When I do ternary search for floating points, I normally do it like this:
while (R - L > EPS) {
double M1 = (2*L + R) / 3;
double M2 = (L + 2*R) / 3;
if (f(M1) <= f(M2)) R = M2;
else L = M1;
}
return f(L);
It works perfectly, but when I try to do it with bitonic arrays (with integer indices), I sometimes get the wrong value, either because I'm off by 1 or because some edge cases don't work.
while (L < R) {
int M1 = (2*L + R) / 3;
int M2 = (L + 2*R) / 3;
if (a[M1] <= a[M2]) R = M2;
else L = M1;
}
return a[L]; // doesn't work :(
I try to address this by looping at the end when the search space is small enough.
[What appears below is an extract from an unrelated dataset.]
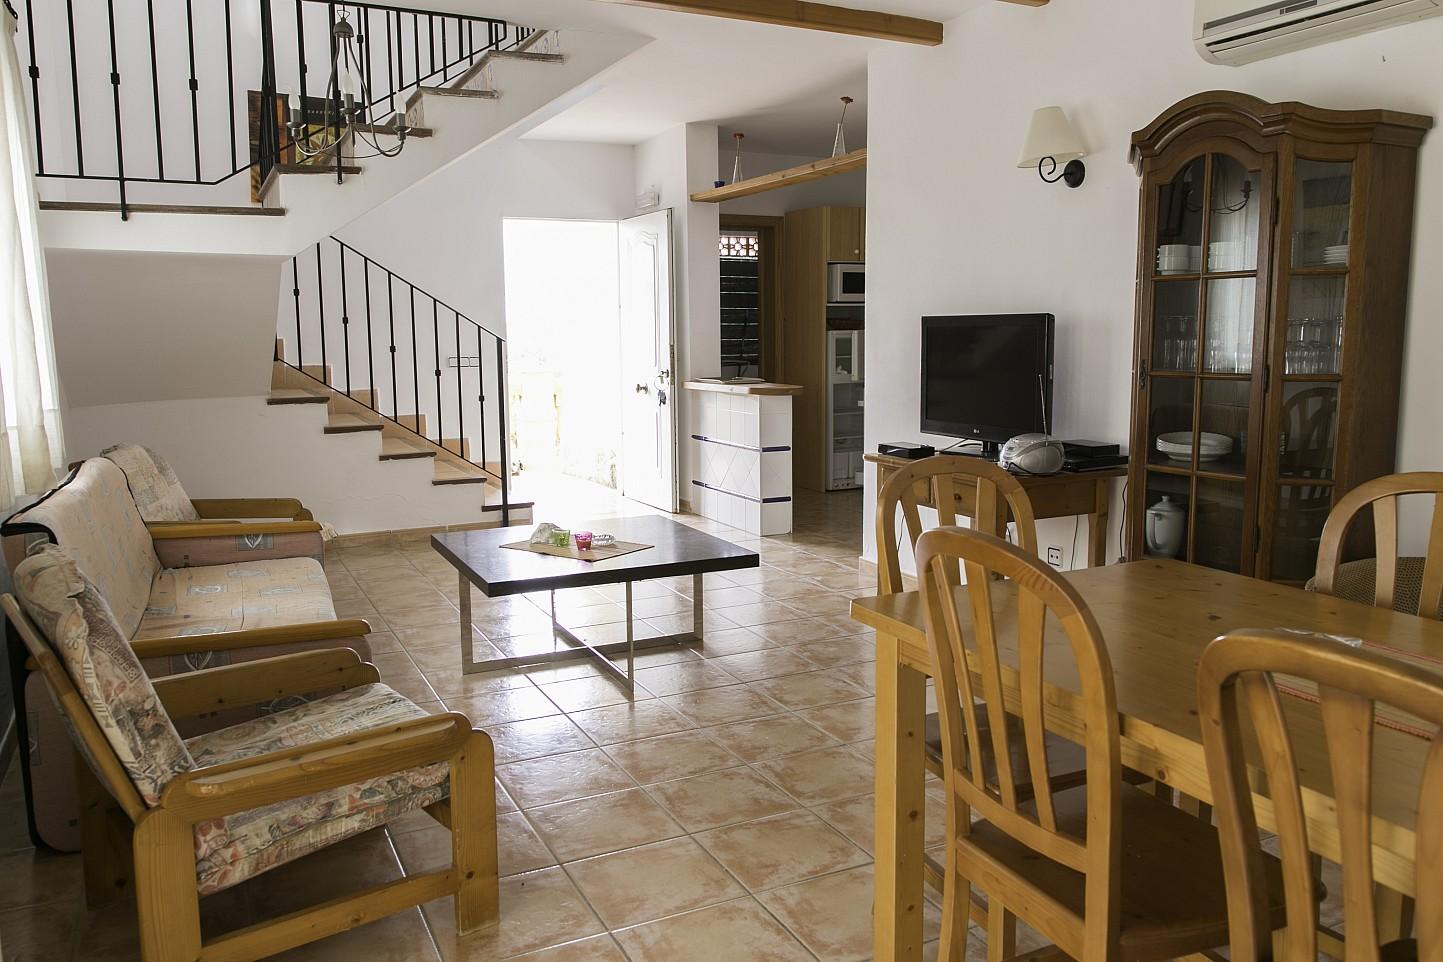 Salón-comedor de bonita casa en venta en Urb. Villas de Cala Romántica en Mallorca

This addresses the small edge cases and off by 1 errors.
while (L + 3 < R) {
int M1 = (2*L + R) / 3;
int M2 = (L + 2*R) / 3;
if (a[M1] <= a[M2]) R = M2;
else L = M1;
}
int mn = a[L++];
while (L <= R) mn = min(mn, a[L++]);
return mn; // works, but loop is so, yeah
Is there maybe a cleaner way of doing ternary search on arrays without the brute force loop at the end? Like, do I need to tweak the formula for M1 and M2 or something similar?